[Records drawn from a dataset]
────────

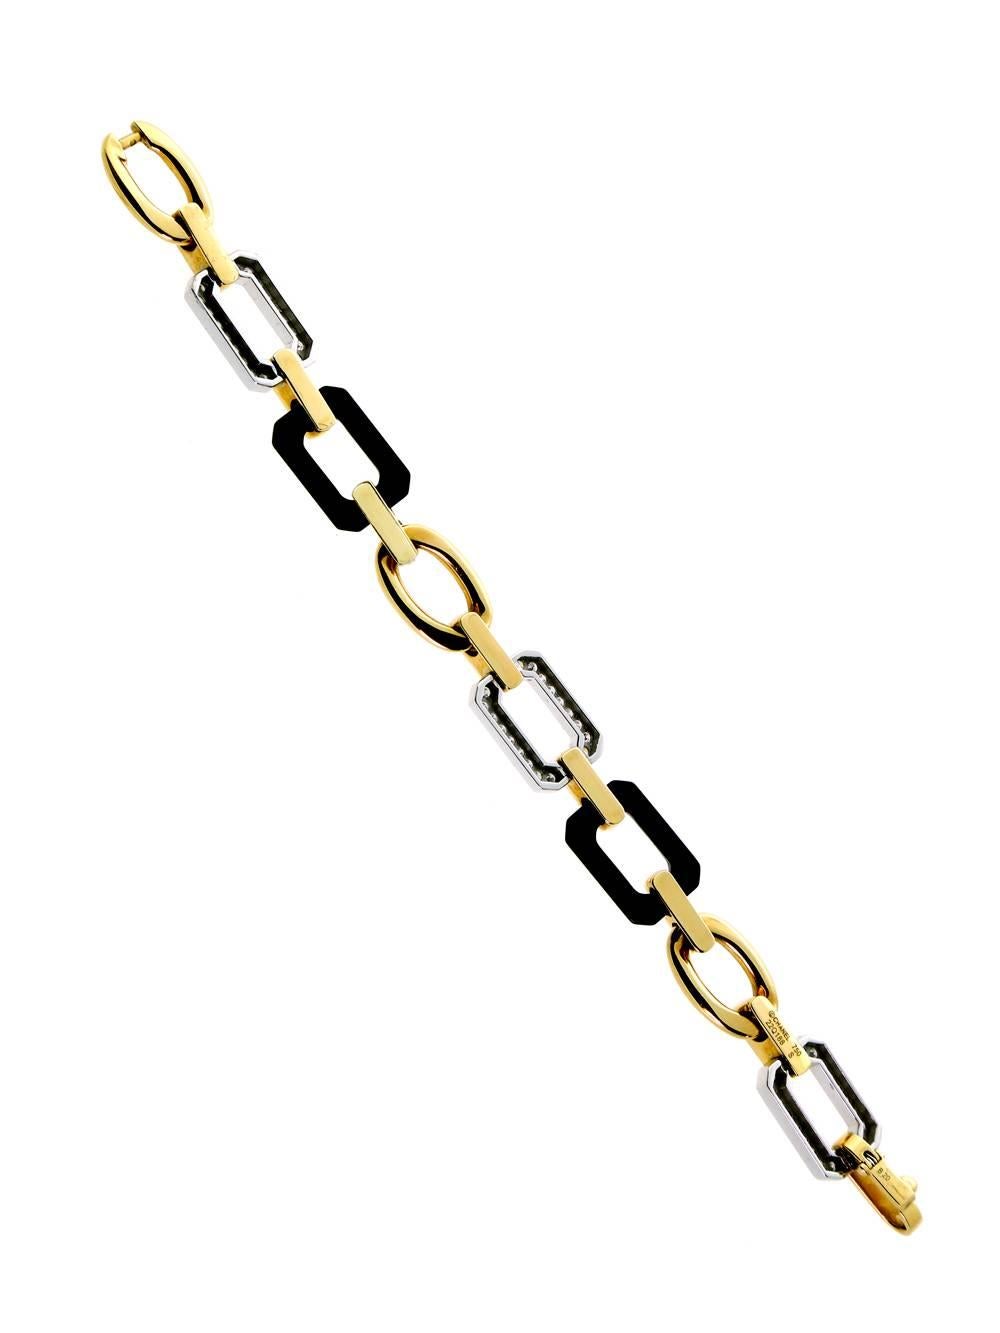 Ein schickes Chanel-Armband aus 18k Gelbgold, Onyx und Diamanten (ca. 1ct) vereinen sich in diesem stilvollen Armband. Das klassische Kettendesign verleiht ihm einen Hauch von Tradition.

Gewicht: 31,2 Gramm
Länge: 7 Zoll
Abmessungen: 12mm breit
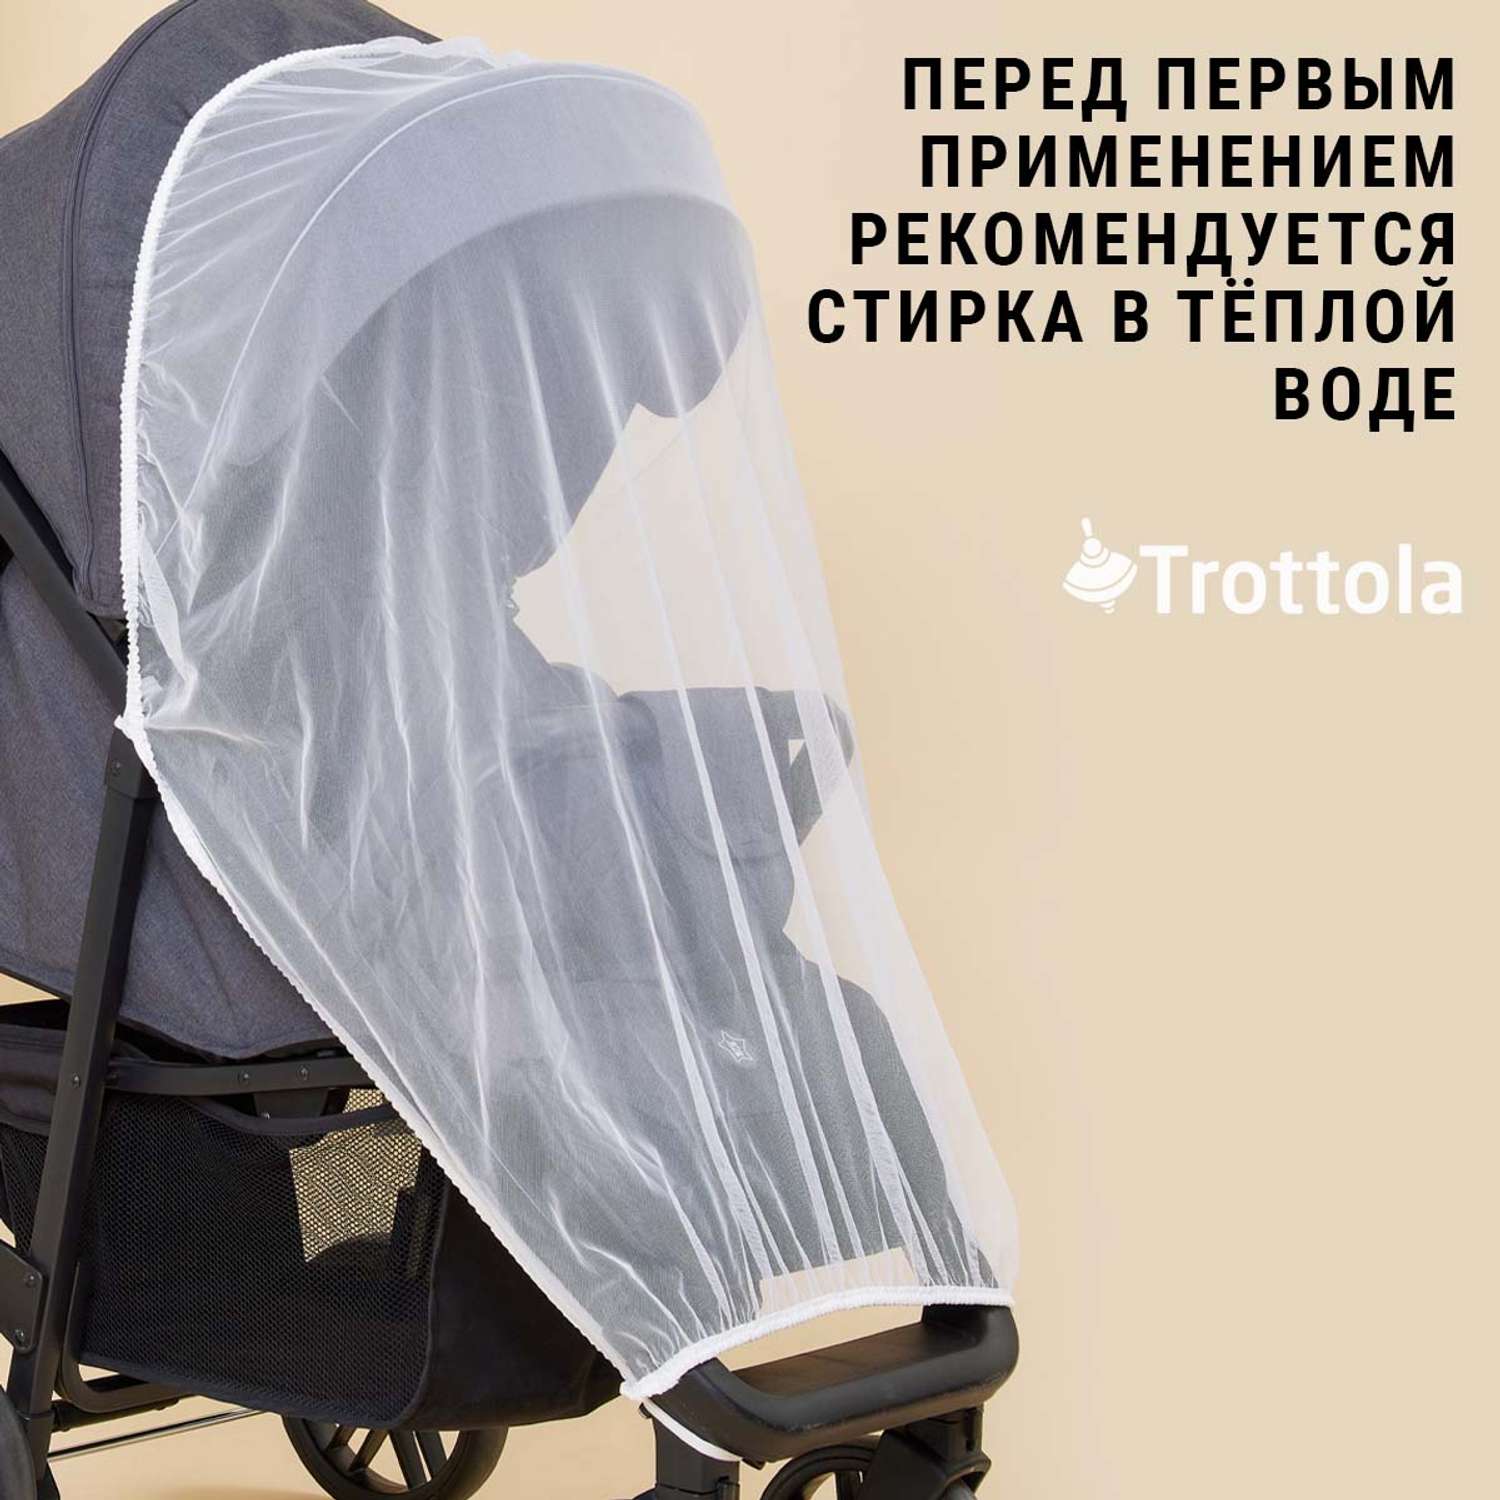 Москитная сетка Trottola белая на прогулочную коляску с мешочком Т040/белая - фото 9

────────

**Exercise aim**. Retype exactly the lines from the one containing "Gewicht: 31,2 Gramm" through the last line of the records above, both included, and leave out any pictures.

**Solution to this problem**.
Gewicht: 31,2 Gramm
Länge: 7 Zoll
Abmessungen: 12mm breit
 Москитная сетка Trottola белая на прогулочную коляску с мешочком Т040/белая - фото 9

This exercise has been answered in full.